15 questions LPs are asking today, and should be asking in the future

  1. Is your operating approach systematic and repeatable, and something that could be expected to work in the future?
  2. Have you resourced your approach appropriately for the task at hand? For example, if you are raising a larger fund, have you anticipated the additional resources you will need? If your focus is on distressed investments, have you lined up relatively more resources than, for example, would be required for a focus on light-touch growth equity investments?
  3. Do your firm’s key processes, such as your investment decision reviews and portfolio monitoring meetings, reflect increased focus on operational value add? Or are operational issues an afterthought?
  4. At what stage of the investing cycle do you engage your operating approach and resources? How involved are they in exits?
  5. Do you tend to buy companies that present opportunities to use the same proven tools over and over again? Or are the companies and situations so different that you need to customise your approach each time?
  6. How quickly do you formulate your operating improvement plans post-closing?
  7. What timeframe do your plans cover? With longer average holding periods, how often do you update these plans?
  8. How widely do you deploy the approach? For example, do you focus on making a big difference in a few investments or an incremental difference across many?
  9. Does your approach fit expected future conditions, including economic cycles? Are you too focused on growth entering a potential downturn? Are you too focused on cost entering an upturn?
  10. Do you anticipate changes in the types of investments you will make and have you adjusted your operating approach accordingly?

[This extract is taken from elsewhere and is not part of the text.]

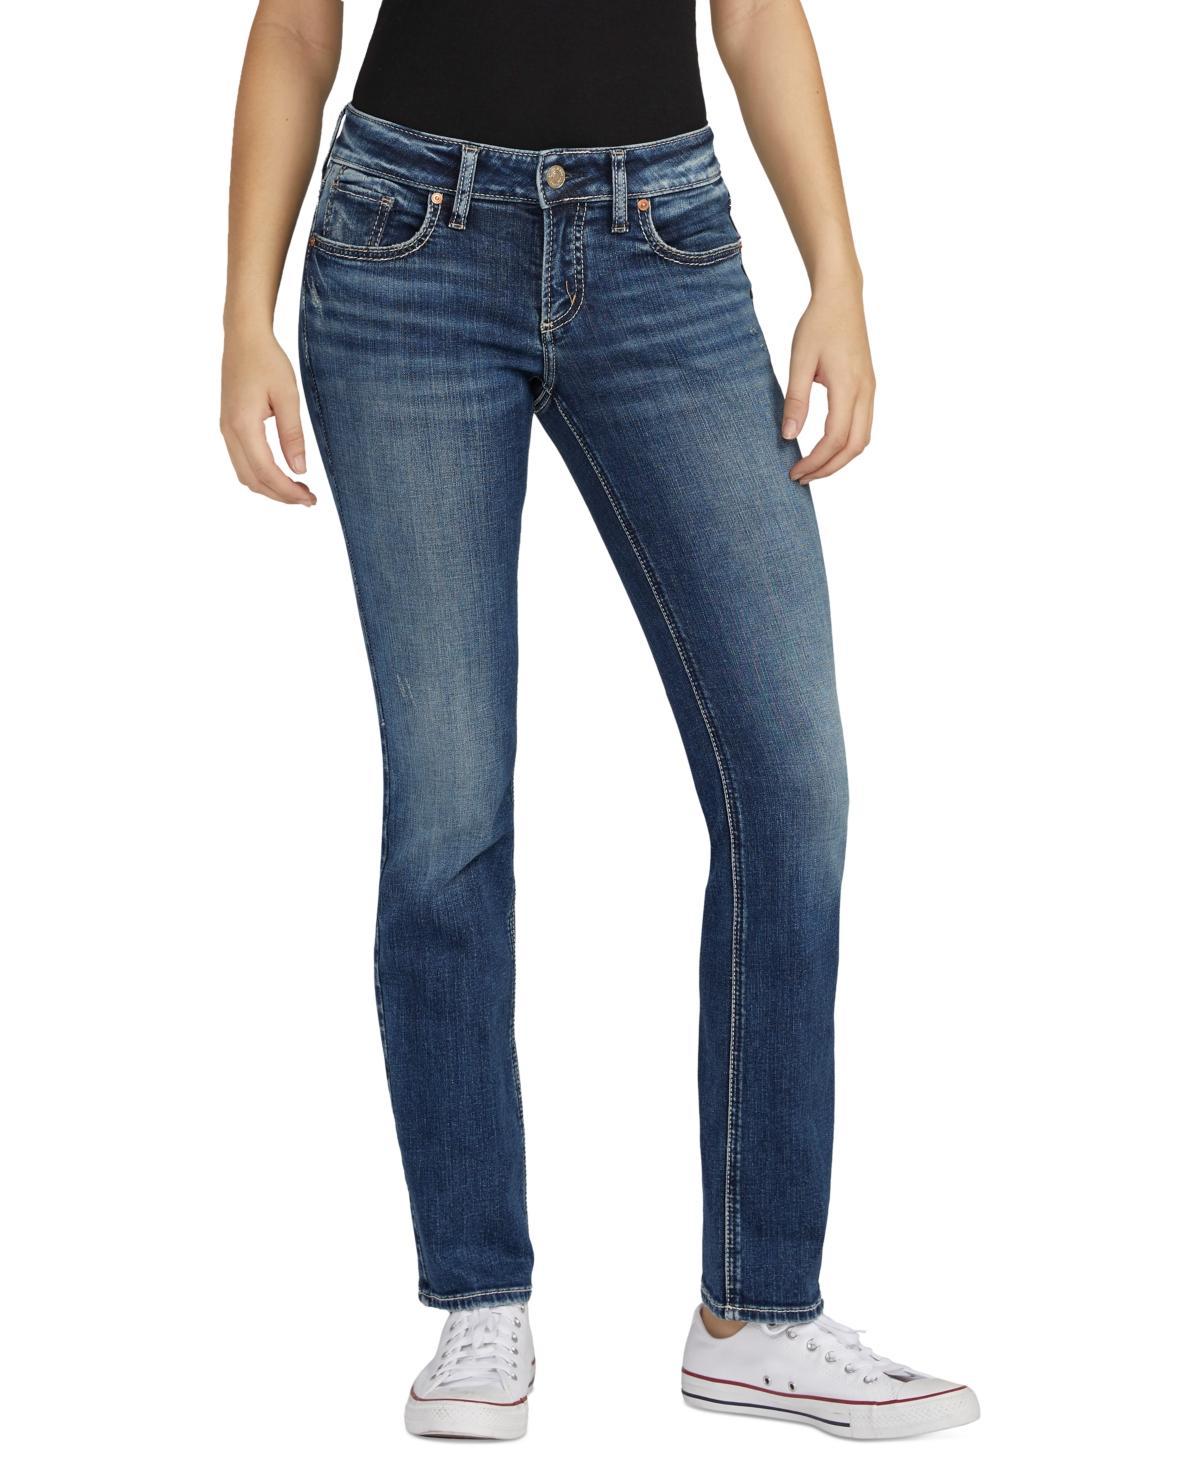 Silver Jeans Co. Tuesday Low Rise Slim Bootcut Jeans Product Image
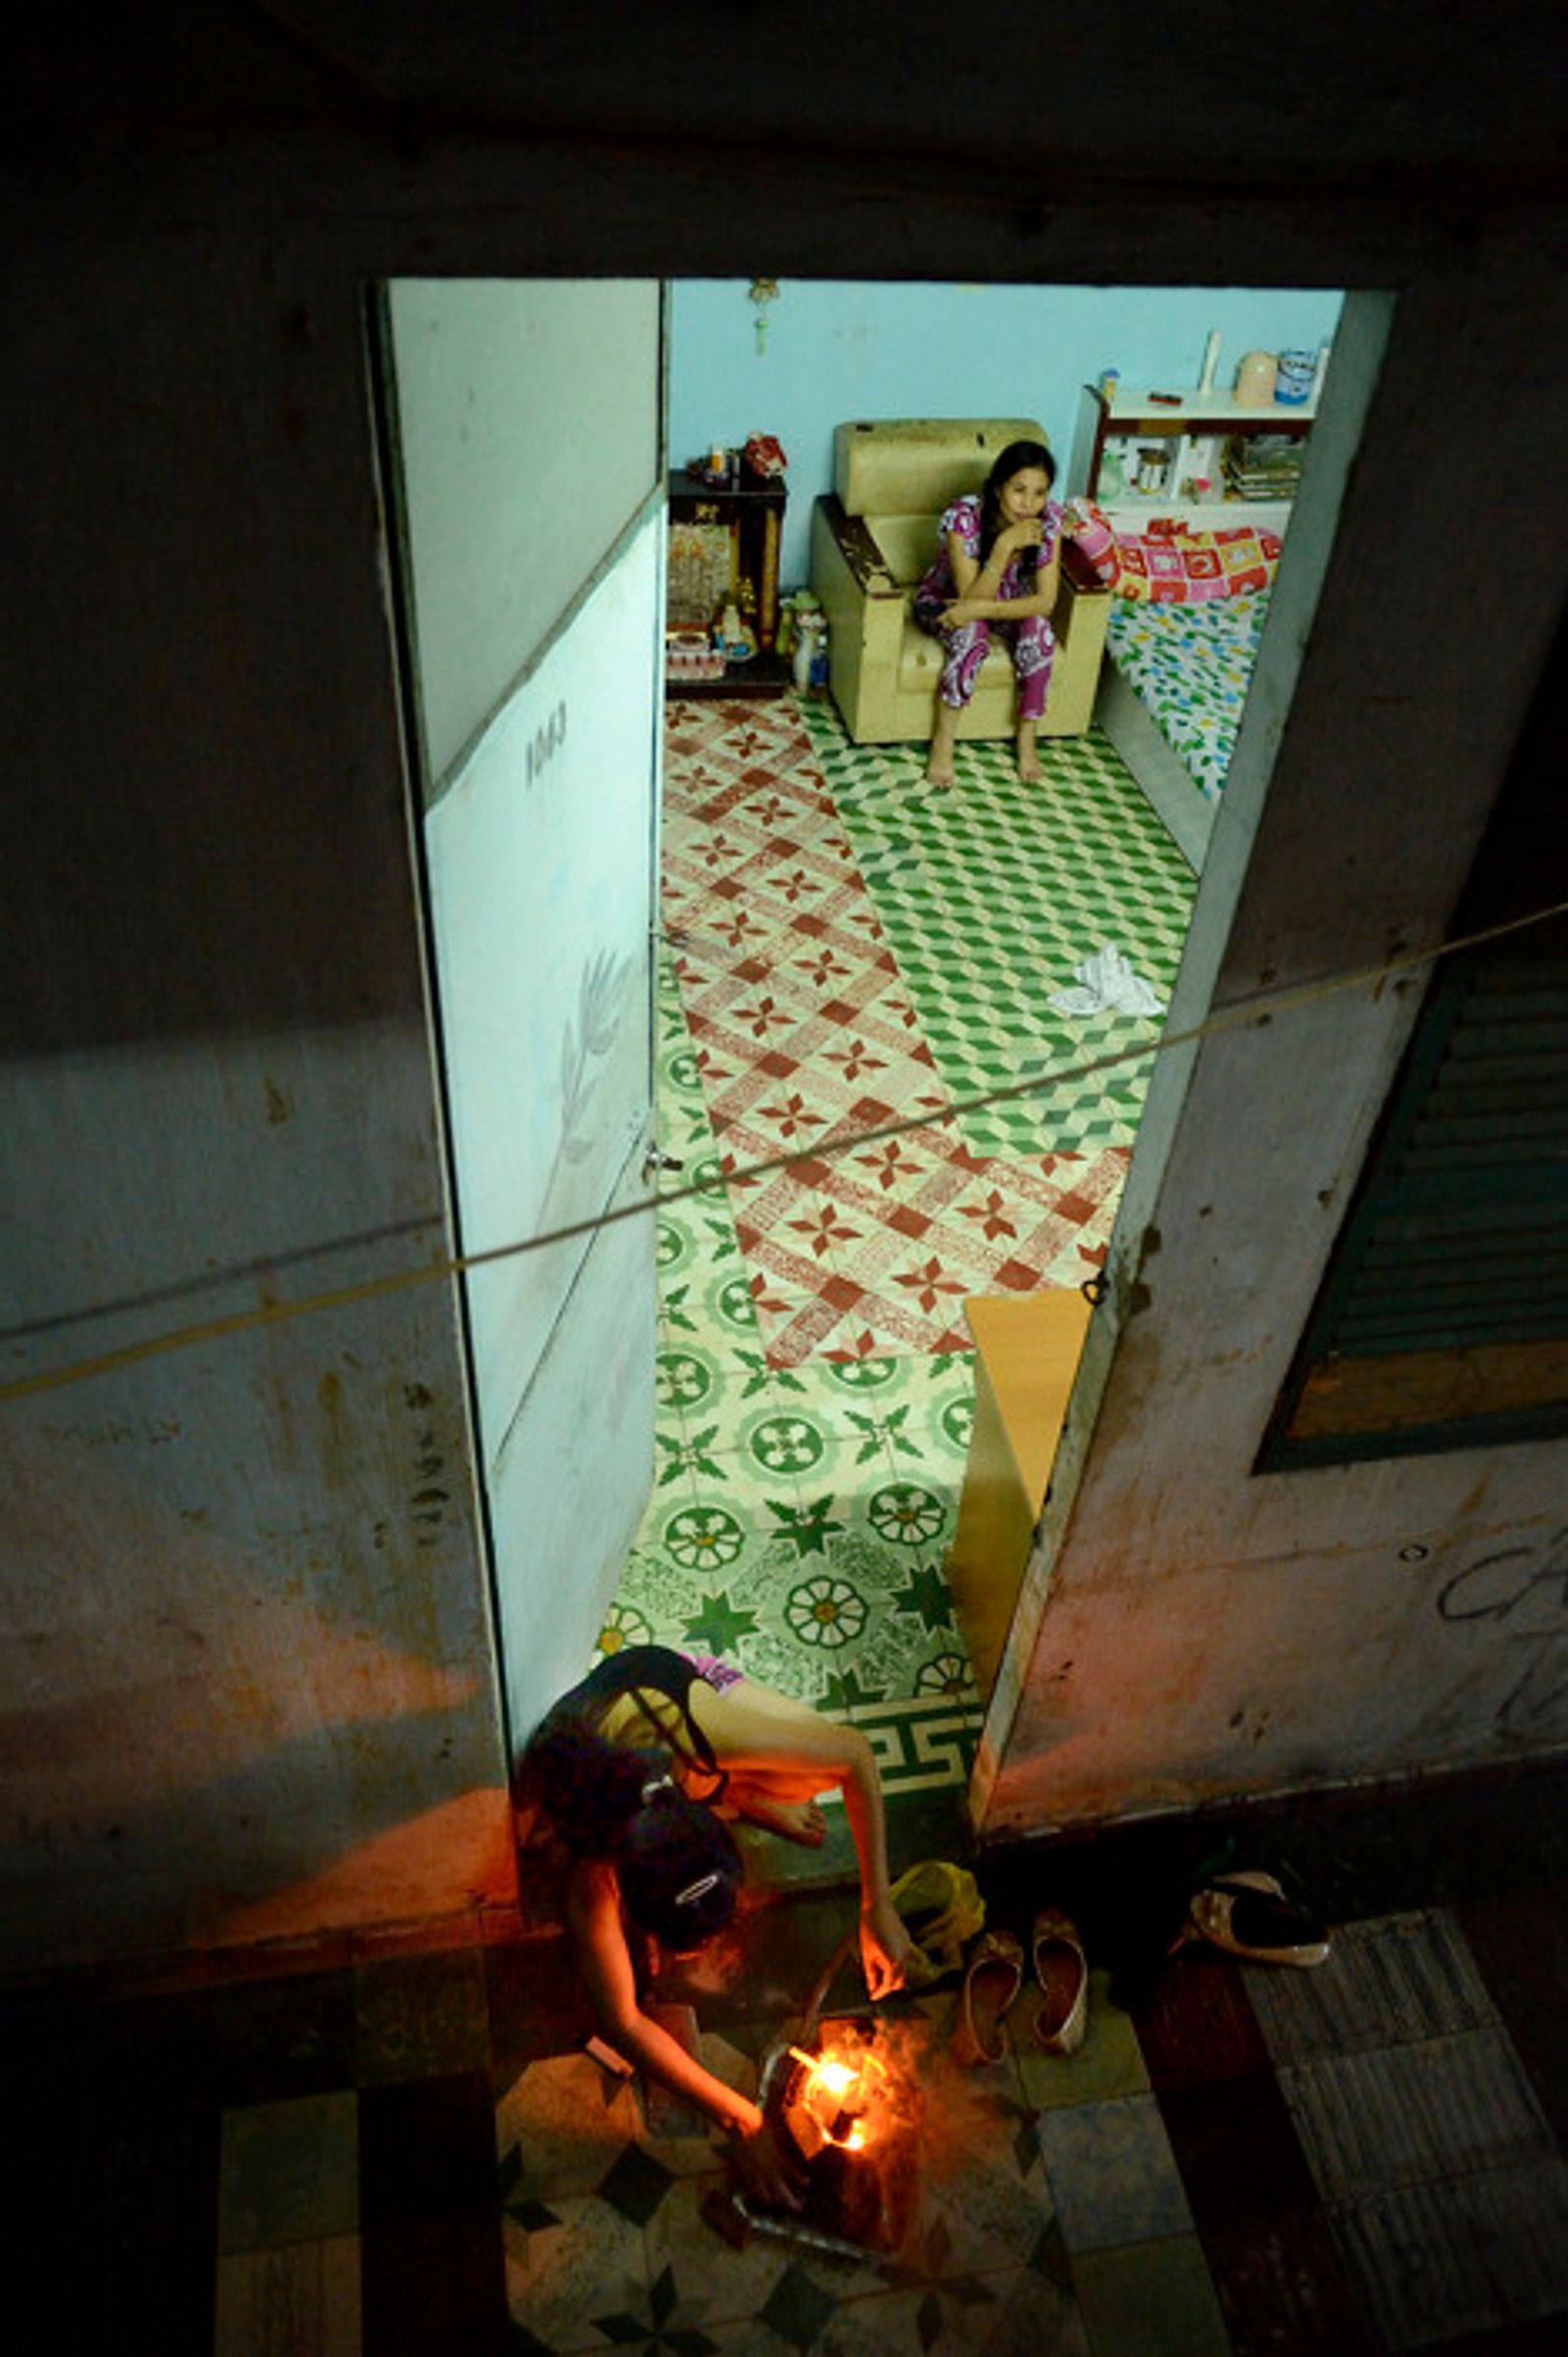 © Laurent Weyl - Image from the President Hotel - Ho Chi Minh City - Vietnam photography project

  11. Are your success stories representative or anecdotal? Are they ideally what investors could expect in the future? Or, at the other extreme, are they successful exits that have been reverse-engineered to emphasise the value added by your firm?
  12. How do you pay your operating team? How do you pay for them, from the management fee or do you charge the portfolio companies and how? Are your LP disclosures sufficient? Have they been vetted by the SEC?
  13. As the acid test, what would the portfolio company CEOs say on reference calls about your operational value add as a private equity firm? Would they say the same after you have exited?
  14. Do any portfolio companies continue to rely on your team for help even after the exit?
  15. Having satisfied many of these on a standalone basis, how are your approach and results differentiated from other private equity firms on any of the above dimensions? Are these differentiations sustainable or dependent on specific people in the firm?